The data:
-- Opening Marker --
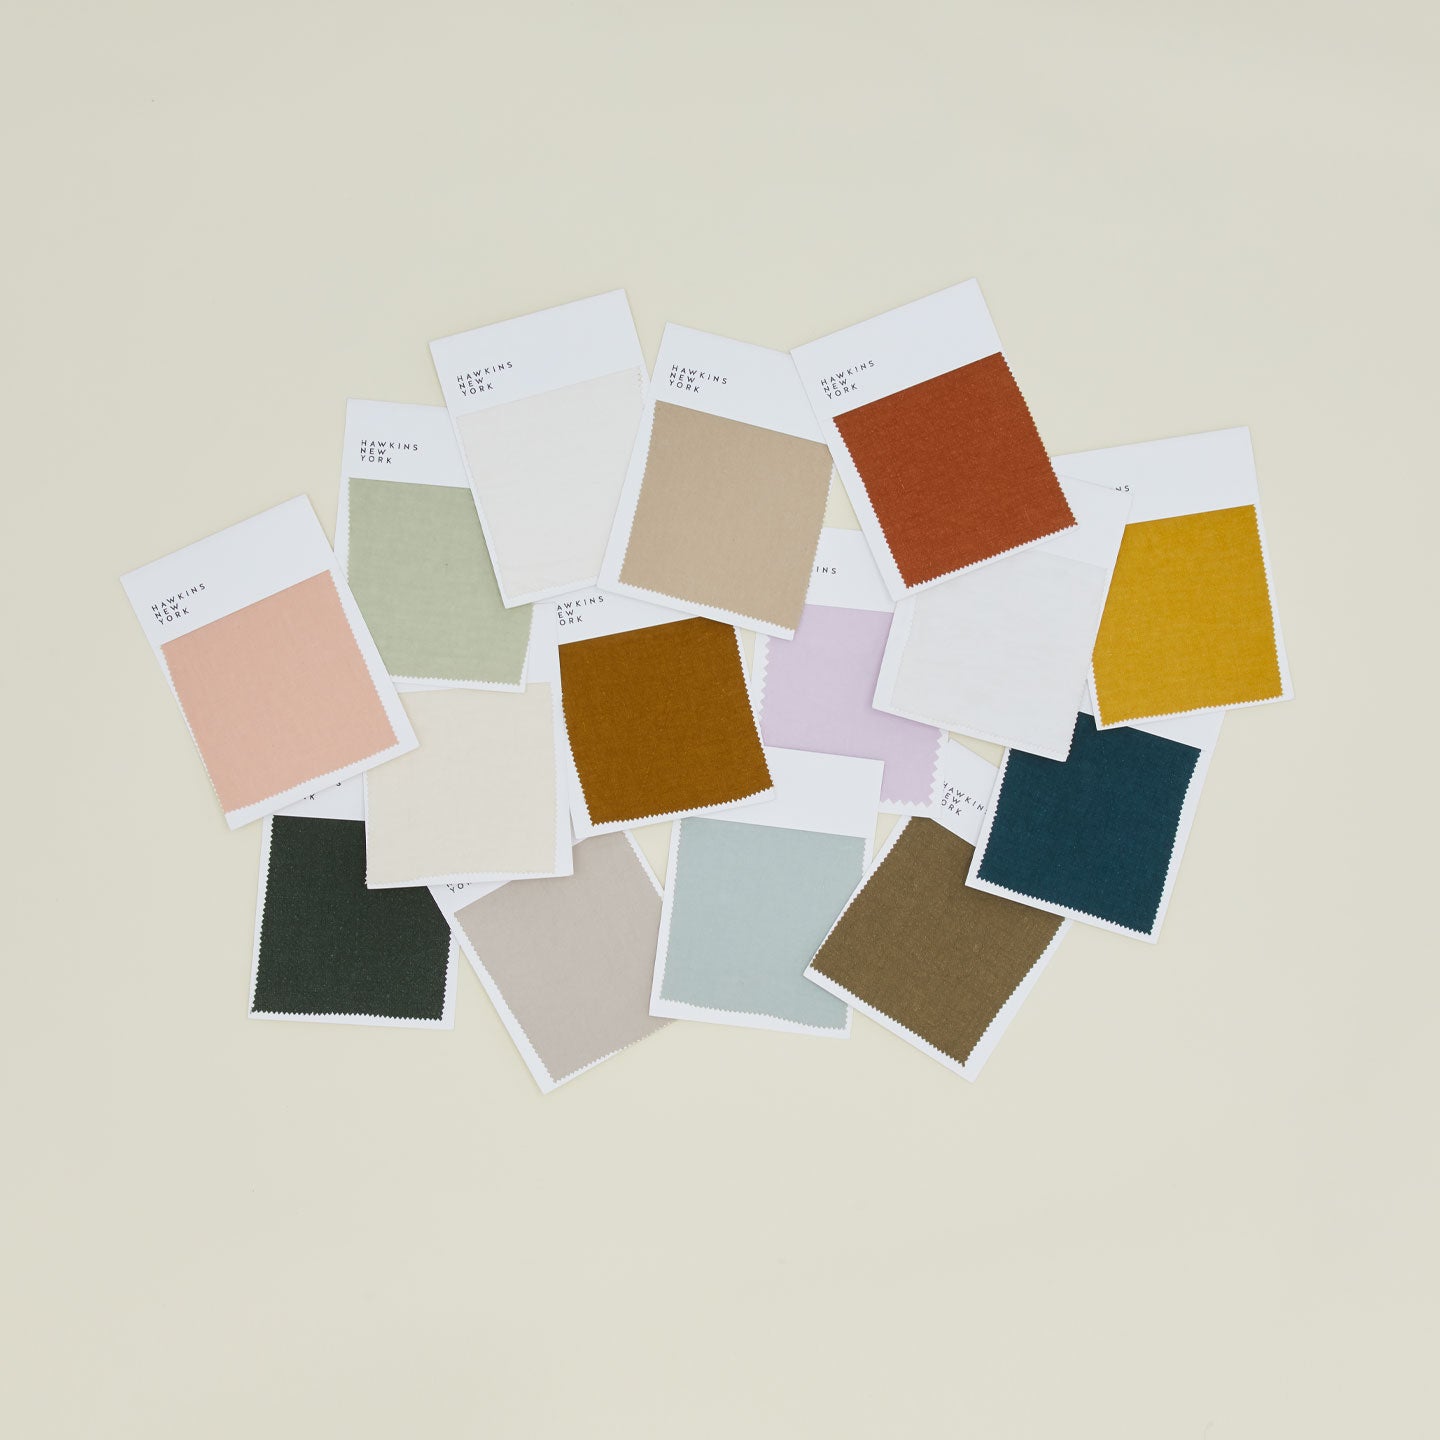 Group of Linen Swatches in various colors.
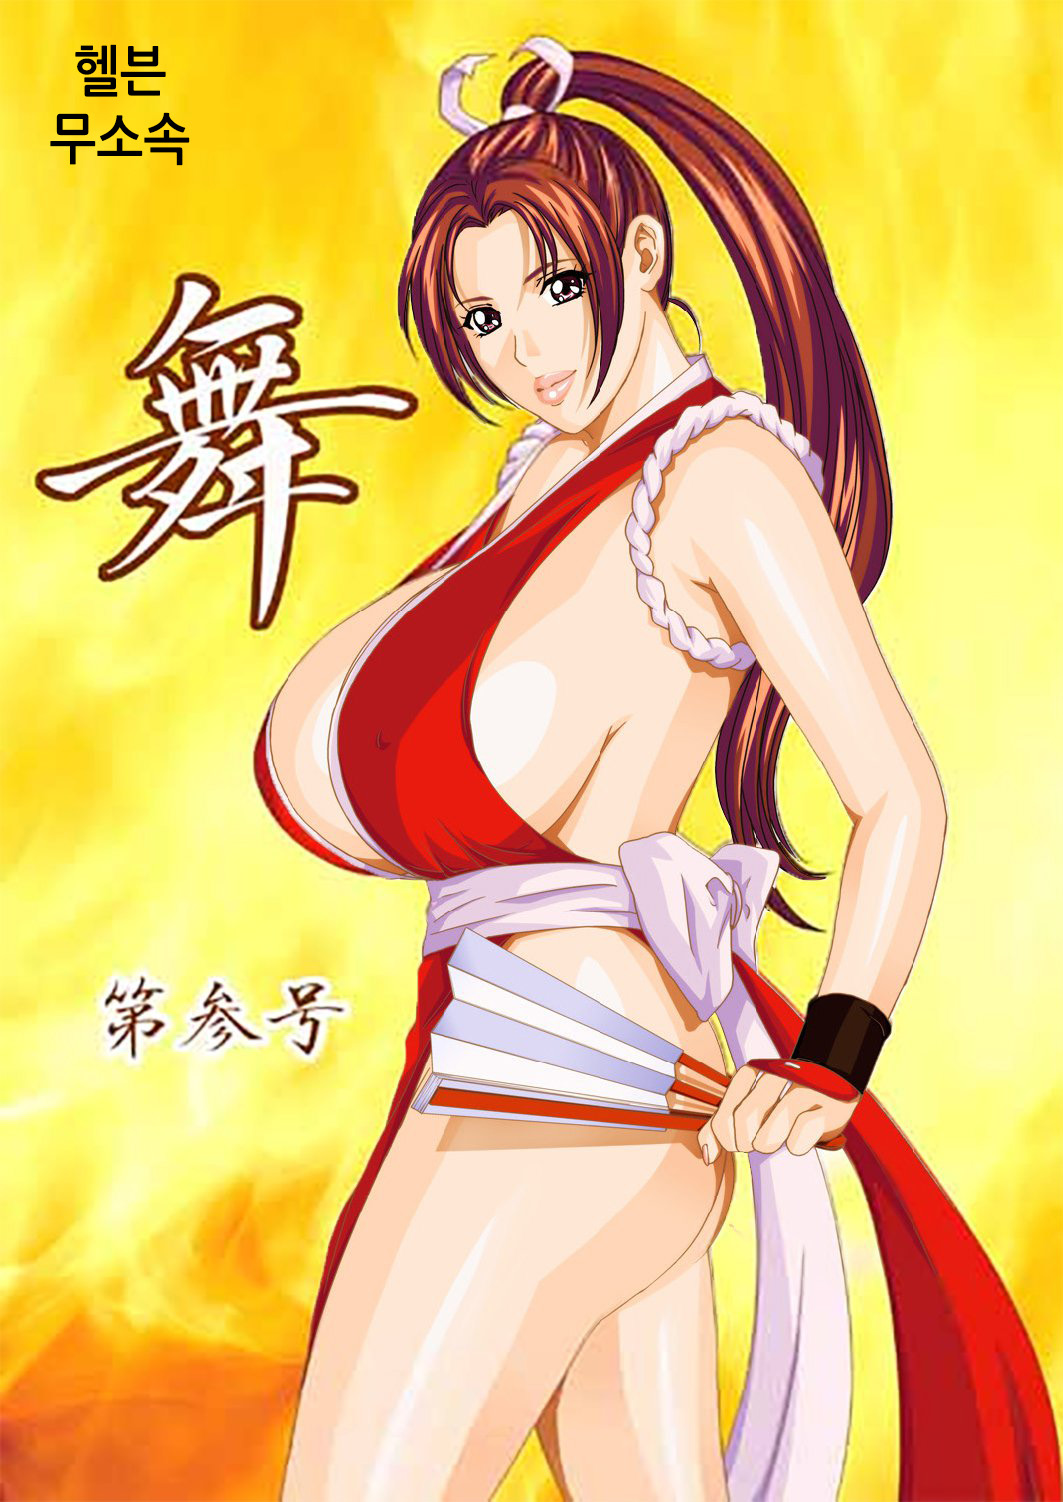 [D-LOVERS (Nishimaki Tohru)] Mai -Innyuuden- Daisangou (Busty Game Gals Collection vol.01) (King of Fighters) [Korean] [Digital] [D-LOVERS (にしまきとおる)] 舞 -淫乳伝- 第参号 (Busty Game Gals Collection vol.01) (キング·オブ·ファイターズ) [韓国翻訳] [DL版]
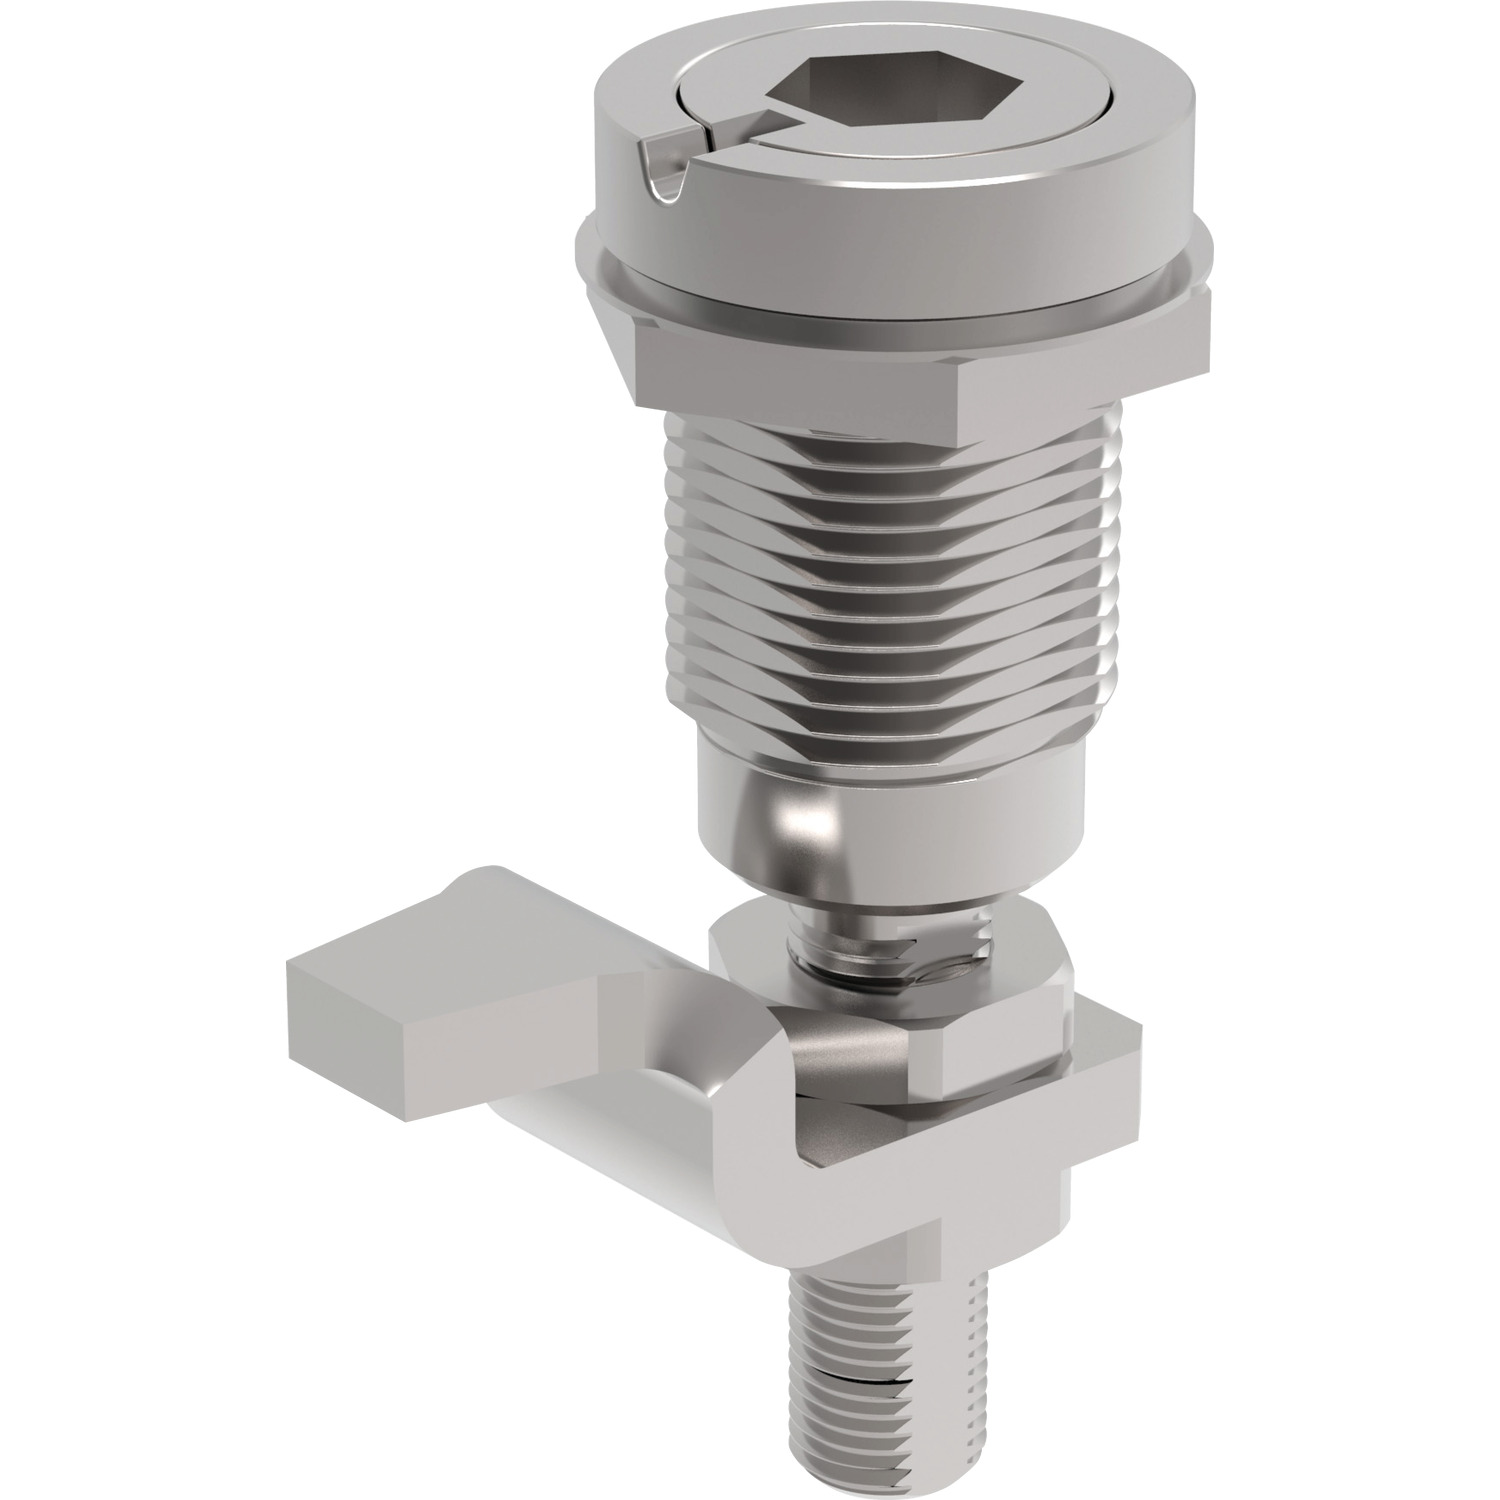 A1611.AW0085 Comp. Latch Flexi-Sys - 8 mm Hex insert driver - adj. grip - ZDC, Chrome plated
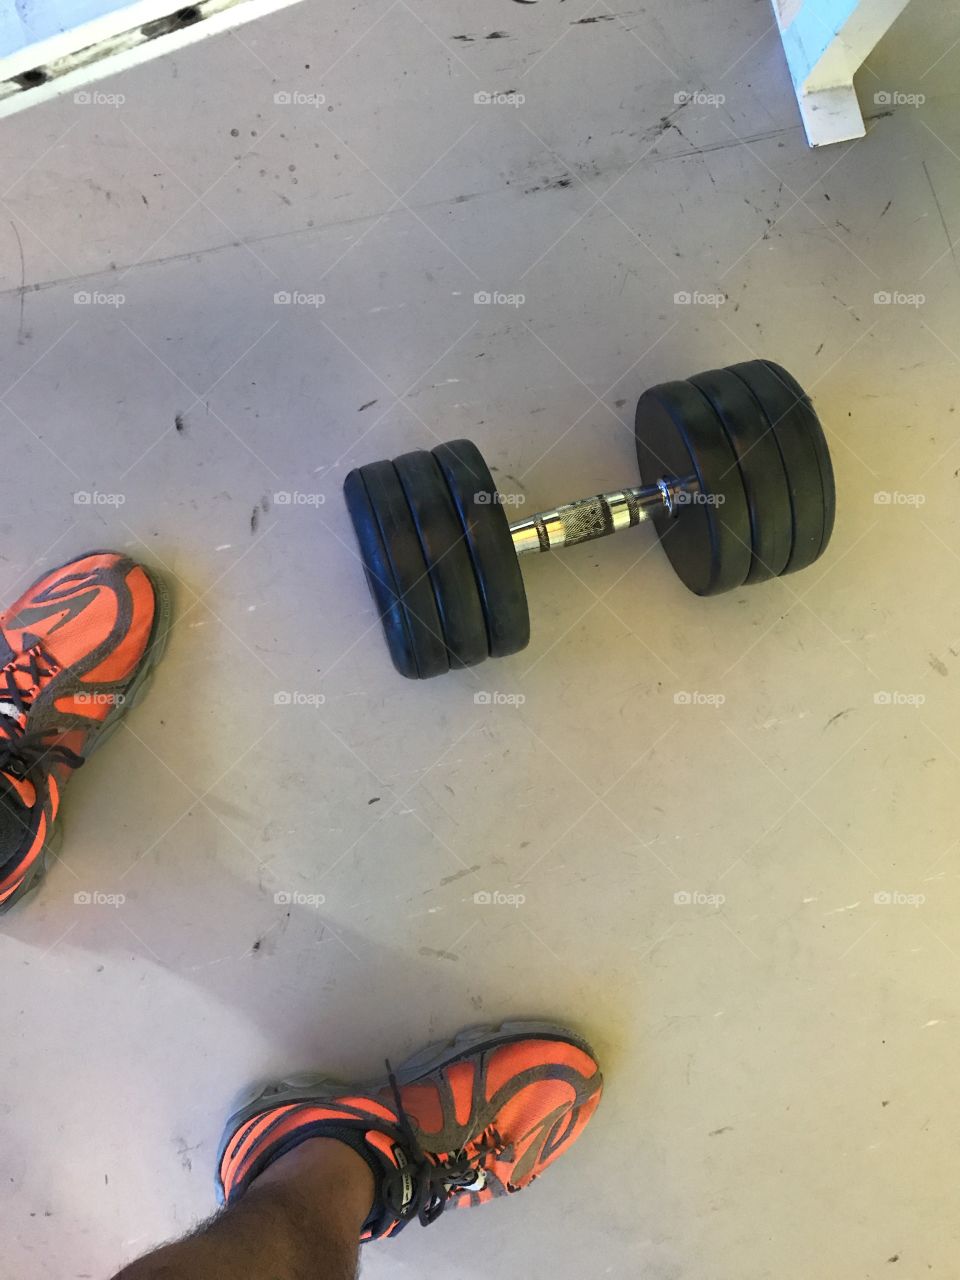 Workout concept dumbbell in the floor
-- Closing Marker --
Work task:
For this exercise, output only the lines from the one bearing "A1611.AW0085 Comp. Latch" to the end of the material above, exactly as written, with pictures left out.

Answer to this task:
 A1611.AW0085 Comp. Latch Flexi-Sys - 8 mm Hex insert driver - adj. grip - ZDC, Chrome plated
 Workout concept dumbbell in the floor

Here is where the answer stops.